Engineering the T cell receptor for fun and profit: Uncovering complex biology, interrogating the immune system, and targeting disease

Abstract

T cell receptors (TCRs) orchestrate cellular immunity by recognizing peptide antigens bound and presented by major histocompatibility complex (MHC) proteins. Due to the TCR's central role in immunity and tight connection with human health, there has been significant interest in modulating TCR properties through protein engineering methods. Complicating these efforts is the complexity and vast diversity of TCR-peptide/MHC interfaces, the interdependency between TCR affinity, specificity, and cross-reactivity, and the sophisticated relationships between TCR binding properties and T cell function, many aspects of which are not well understood. Here we review TCR engineering, starting with a brief historical overview followed by discussions of more recent developments, including new efforts and opportunities to engineer TCR affinity, modulate specificity, and develop novel TCR-based constructs.

Figure 1.

Structural overview of TCR-peptide/MHC complexes. a) Representative structure of a TCR-peptide/MHC complex (in this case, the HCV1406 TCR bound to the HCV NS3 epitope presented by HLA-A2 [69]). The TCR α and β chains are indicated. The HLA-A2 heavy chain is in grey, the peptide in yellow, and the β₂-microglobulin subunit in light blue. b) View through the TCR onto the peptide/MHC complex showing the positions of the six CDR loops. The green and brown circles show the centers of mass of the HCV1406 TCR’s α and β chain variable domain.
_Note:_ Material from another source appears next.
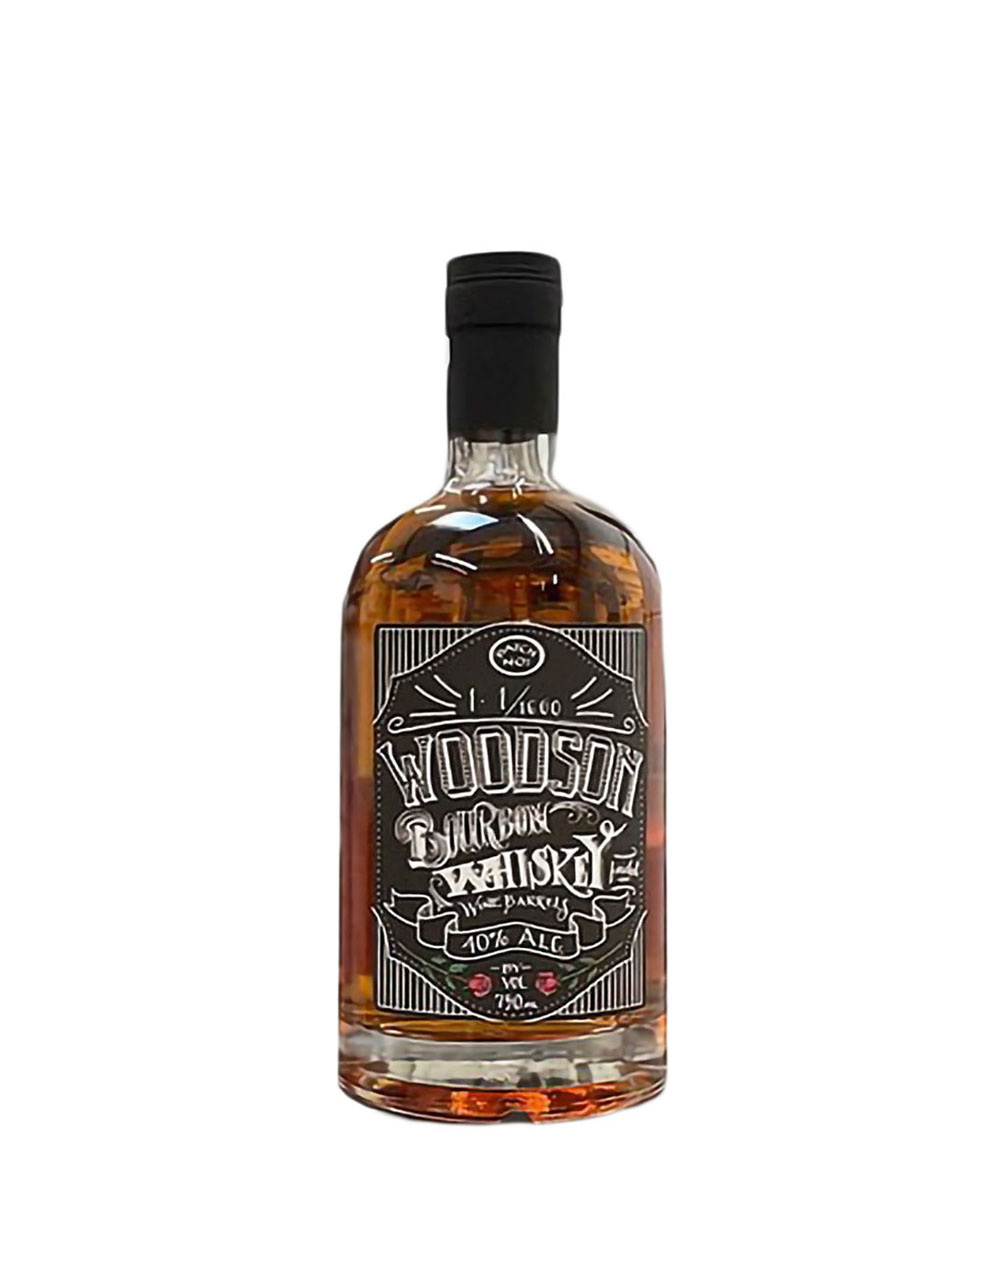 Woodson Bourbon Batch 2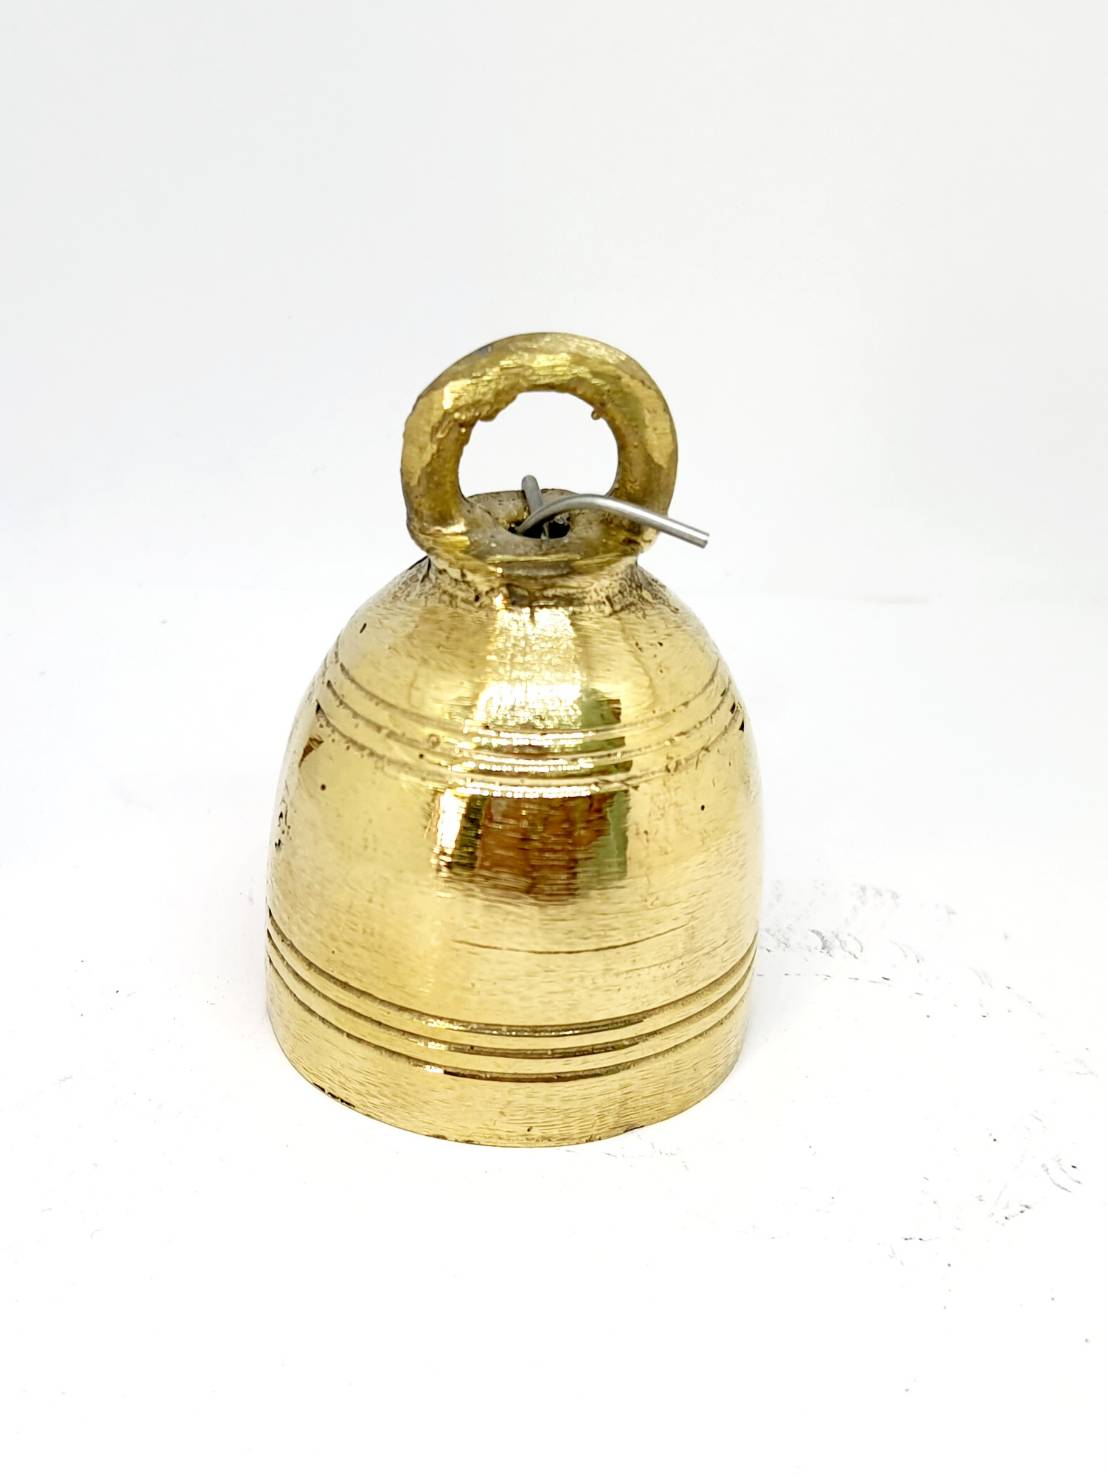 รูปภาพที่1 ของสินค้า : R087 ระฆังทองเหลืองเล็กกลม (3 cm)

Although TCR binding geometries (including docking angles, positions, and CDR loop architecture) vary [70], most TCRs that have been structurally characterized adopt geometries resembling that shown in panels a and b. c) The peptide typically represents about one-third of the surface contacted by a TCR, with the MHC protein contributing the remainder. The image shows the number of times peptide and class I MHC amino acids are contacted by a TCR, using a database of 95 structures of TCRs bound to class I peptide/MHC complexes and a 4 Å cutoff for interatomic contacts. A representative nonameric peptide is shown. The residues of the MHC are represented by a mesh surface and the peptide is represented by a solid surface. Image generated by UCSF Chimera [71].

Figure 2.

Diagram illustrating how increasing TCR affinity towards a target antigen can introduce new off-target reactivities. TCR affinity enhancement towards the target antigen (red circle), shown as a 100-fold enhancement in K_D, brings affinity into a range of maximum T cell potency, as indicated by the white/green curve. The resulting TCR might be considered an ideal candidate for targeting the red peptide. However, TCR affinity is also enhanced towards an off-target peptide (blue circle), shown as a 4-fold enhancement in K_D, perhaps due to structural/chemical similarity between the target and off-target peptides. Although TCR affinity for the off-target blue peptide is improved only a small amount compared to the target peptide, the 4-fold enhancement is still sufficient to move TCR affinity towards the off-target peptide from a regime where it is biologically ignored into a regime where it is functionally recognized. Given the vast number of potential target peptides, in a real scenario, there could be many such blue peptides. Figure adapted from ref. [18] with permission of the authors. Note that the positions of the various lines are approximate, and factors other than TCR affinity impact the quantity and quality of the T cell response as discussed in the main text.